When federal officials blocked his entry, a heated argument broke out, according to Viri Martinez, an activist with the New Jersey Alliance for Immigrant Justice. It continued even after Baraka returned to the public side of the gates.
“There was yelling and pushing,” Martinez said. “Then the officers swarmed Baraka. They threw one of the organizers to the ground. They put Baraka handcuffs and put him in an unmarked car.”
The Department of Homeland Security said in a statement that as a bus of detainees was entering the detention center, “a group of protestors, including two members of the U.S. House of Representatives, stormed the gate and broke into the detention facility.”
🚨 #BREAKING: MULTIPLE Democrat members of Congress have BROKEN INTO an ICE facility in New Jersey, and the Mayor of Newark has been ARRESTED by DHS
They waited for the busses to open the gates, and they stormed in.
THIS IS A FEDERAL CRIME! ARREST REPS. MENENDEZ AND WATSON TOO! pic.twitter.com/tXeJI5xDJX
— Nick Sortor (@nicksortor) May 9, 2025
It said the two members of Congress, Reps. Robert Menendez Jr. and Bonnie Watson Coleman, and a number of protesters were currently “holed up in a guard shack” at the facility.
Assistant Secretary Tricia McLaughlin was quote in the statement as calling it “beyond a bizarre political stunt” and saying it put agents’ and detainees’ safety at risk.
“Members of Congress are not above the law and cannot illegally break into detention facilities. Had these members requested a tour, we would have facilitated a tour of the facility,” McLaughlin said.

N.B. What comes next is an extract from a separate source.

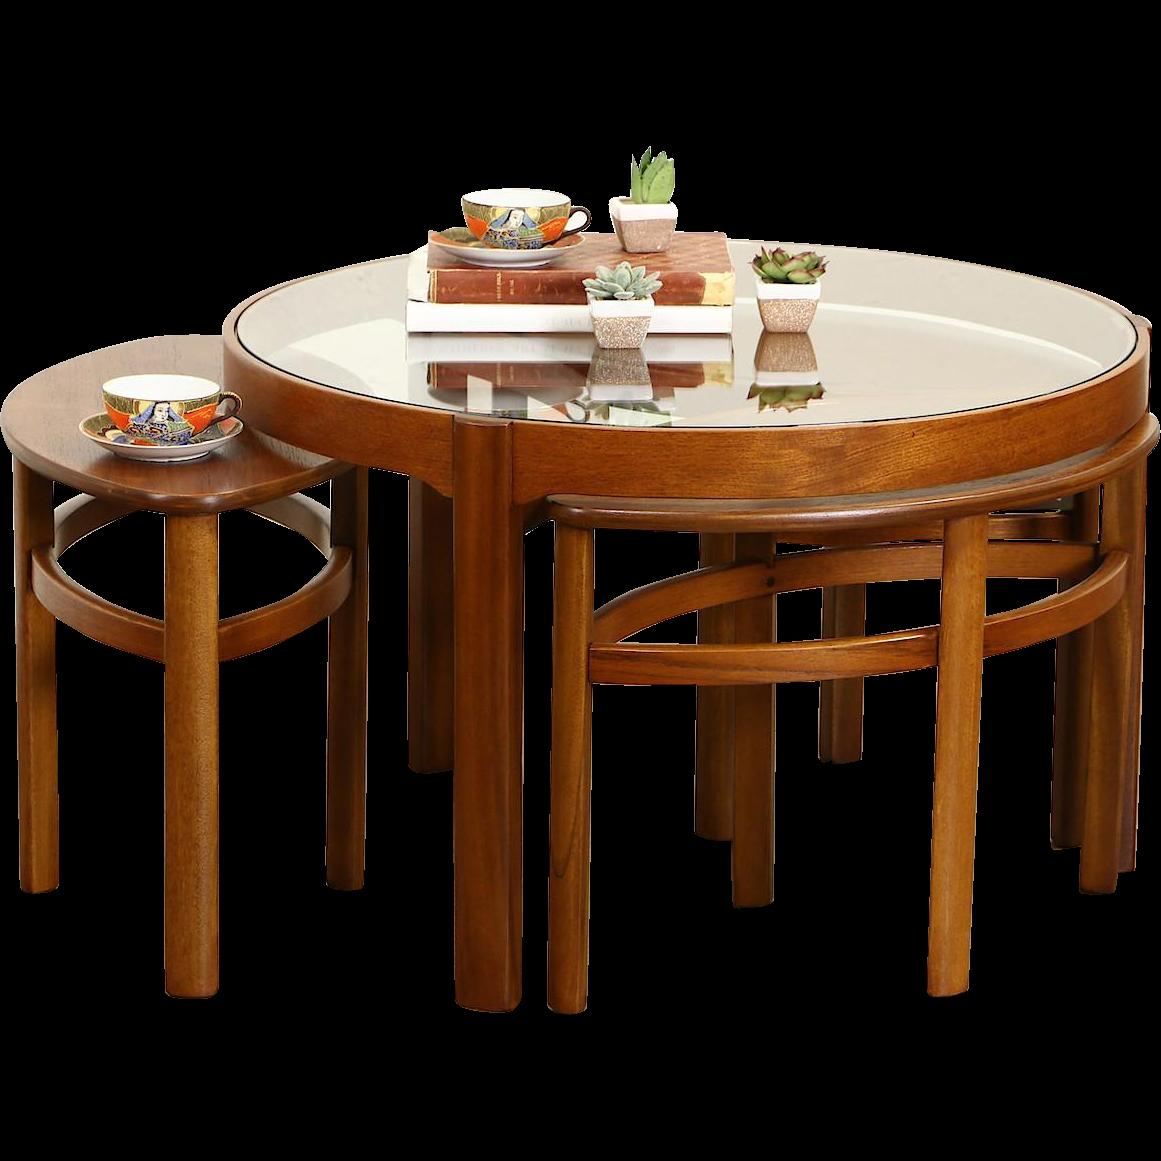 English Midcentury Modern 1960 Vintage Teak Coffee & Nesting Tables Set

The department said the facility has the proper permits and inspections have been cleared.
An email and phone message left with the mayor’s communications office were not immediately answered Friday afternoon. Kabir Moss, a spokesperson for Baraka’s gubernatorial campaign, said, “We are actively monitoring and will provide more details as they become available.”
The two-story building next to a county prison formerly operated as a halfway house.
Then in February, ICE awarded a 15-year contract to The Geo Group Inc. to run the Newark detention center. Geo valued the contract at $1 billion, which is an unusually long and large agreement for ICE.
The announcement was part of President Donald Trump’s plans to sharply increase detention beds nationwide from a budget of about 41,000 beds this year.
Baraka sued GEO Group soon after the deal was announced.
Geo touted the contract with Delaney Hall during its earnings call with shareholders Wednesday, with CEO David Donahue saying it was expected to generate more than $60 million a year in revenue. He said the facility began the intake process May 1.
Hall said the activation of facility and another in Michigan would increase total capacity under contract with ICE from around 20,000 beds to around 23,000.